You can do this by setting a configuration variable for GNU readline, which is what handles the input in an interactive shell.

The variable needed is completion-ignore-case, and can be set directly in your bash session with:

bind "set completion-ignore-case on"

It can be enabled for all future bash sessions by putting set completion-ignore-case on into the users's ~/.inputrc file, or the system /etc/inputrc, to enable it for all users. This is the initialisation file for readline.

Note that ~/.inputrc probably doesn't exist, and if you create it, your local version will override the system version at /etc/inputrc. The system version has lots of useful key mappings configured, such as Ctrl-Left/Right, and you have to link in the system version so you don't lose them.

The way to do this is to put the line $include /etc/inputrc at the top of ~/.inputrc, e.g.:

$include /etc/inputrc

set completion-ignore-case on

Once configured, you can apply the change, either by restarting bash, or reload inputrc, e.g. with Ctrlx,Ctrlr.)

More information about readline and inputrc can be found in man bash and man 3 readline.
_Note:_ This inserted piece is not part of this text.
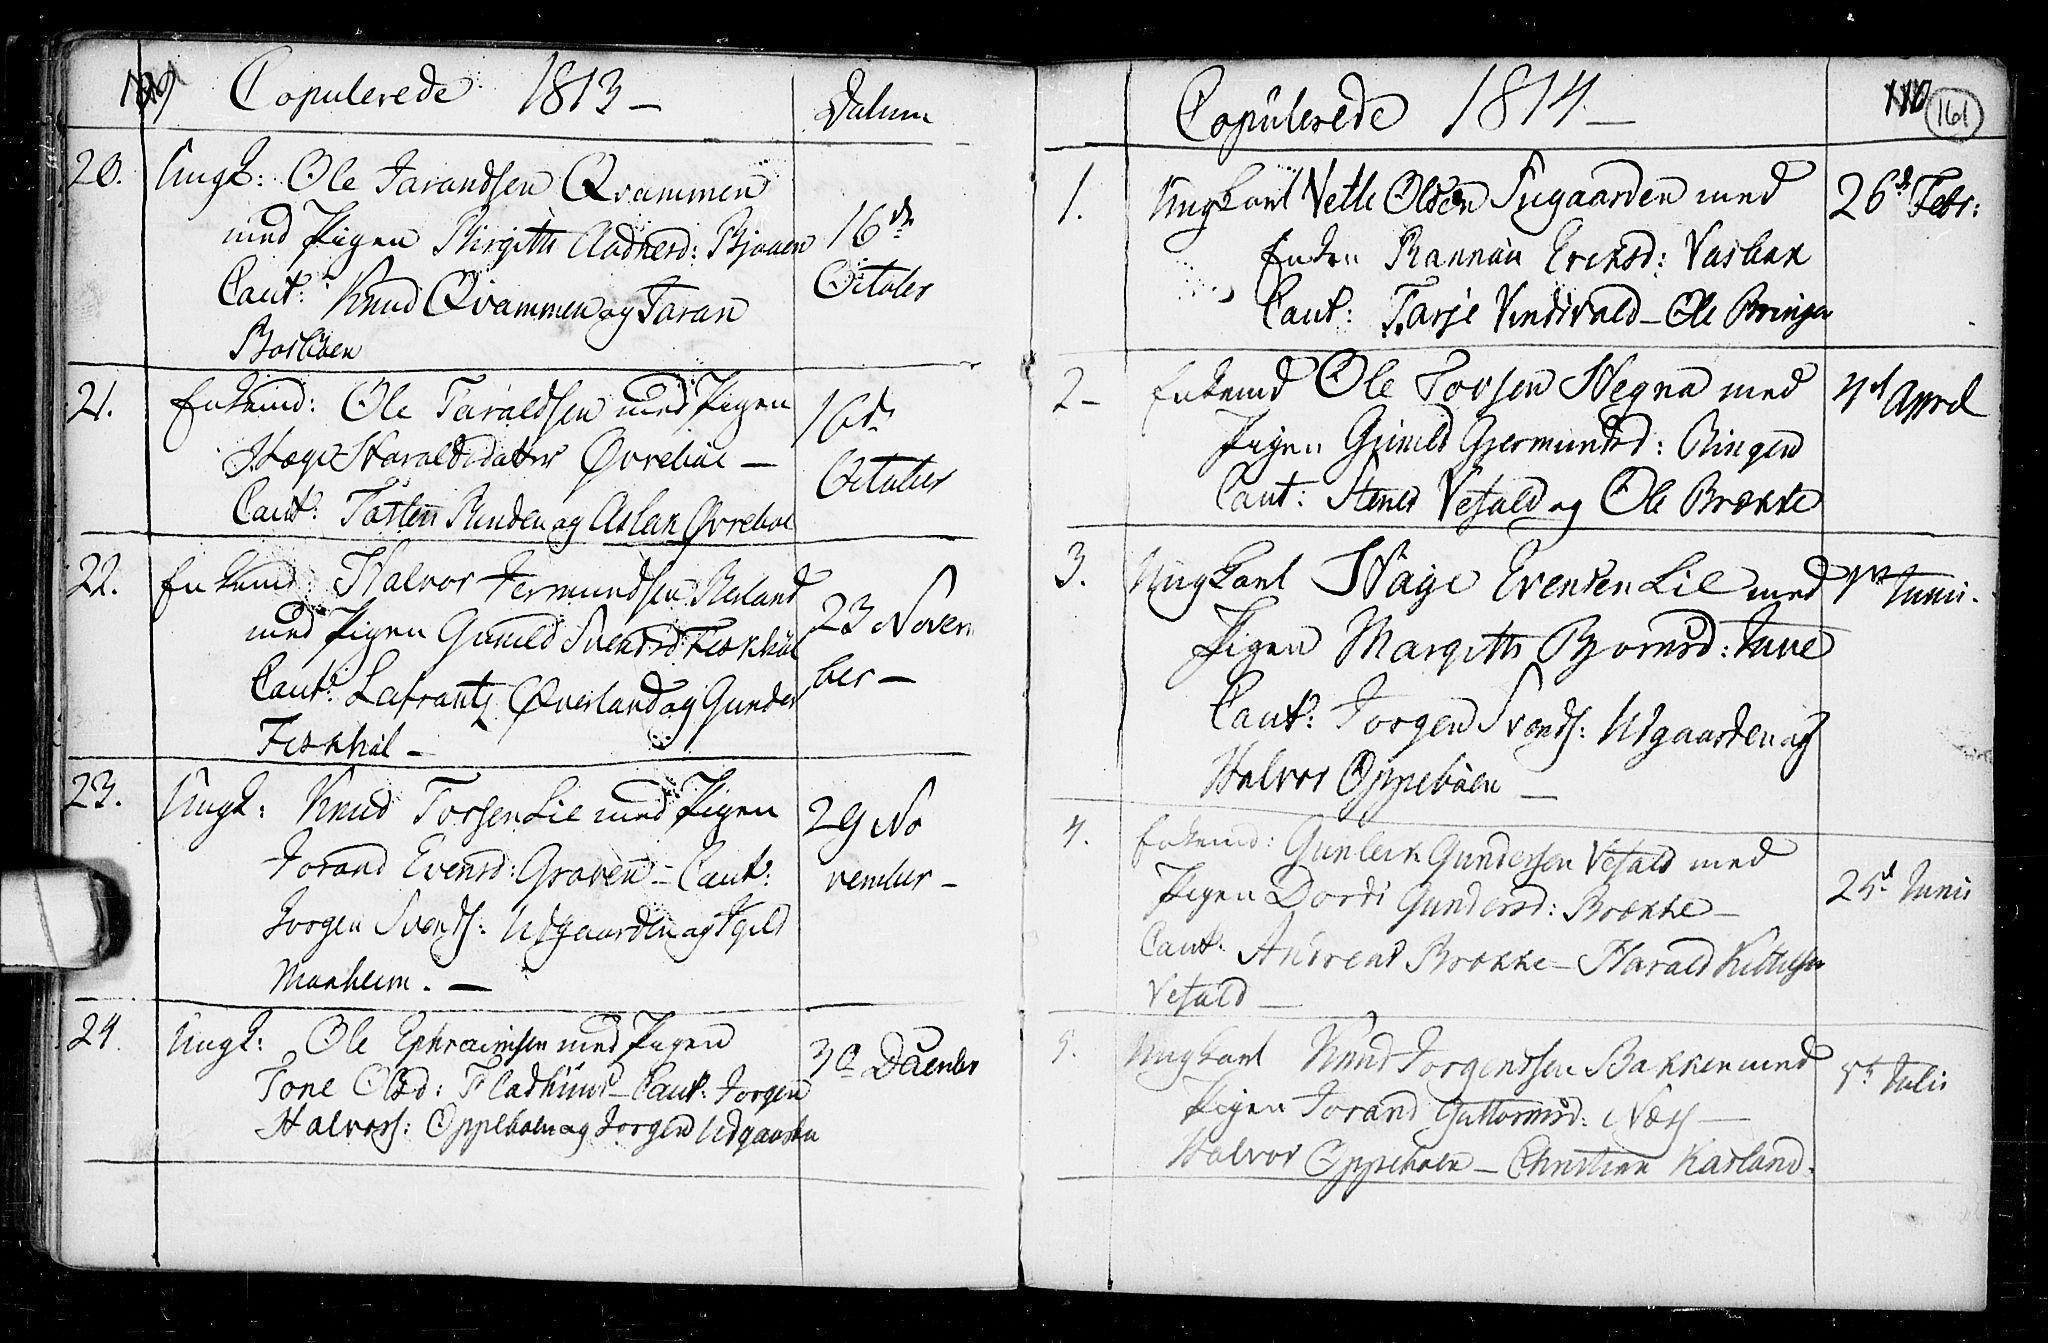 SAKO, Seljord kirkebøker, F/Fa/L0008: Ministerialbok nr. I 8, 1755-1814, s. 161

  • When I run man bind in bash, I see the description for bind(2) to be "bind a name to a socket". Is that the same bind as you are using? Is there another bind? May 26, 2023 at 17:16
  • 1
    @PeterBergman type bind shows it's a bash builtin, so it doesn't get its own manpage - though sometimes there may be one for a non-builtin with similar functionality. There's some info with help bind, or you can search man bash for ` bind `.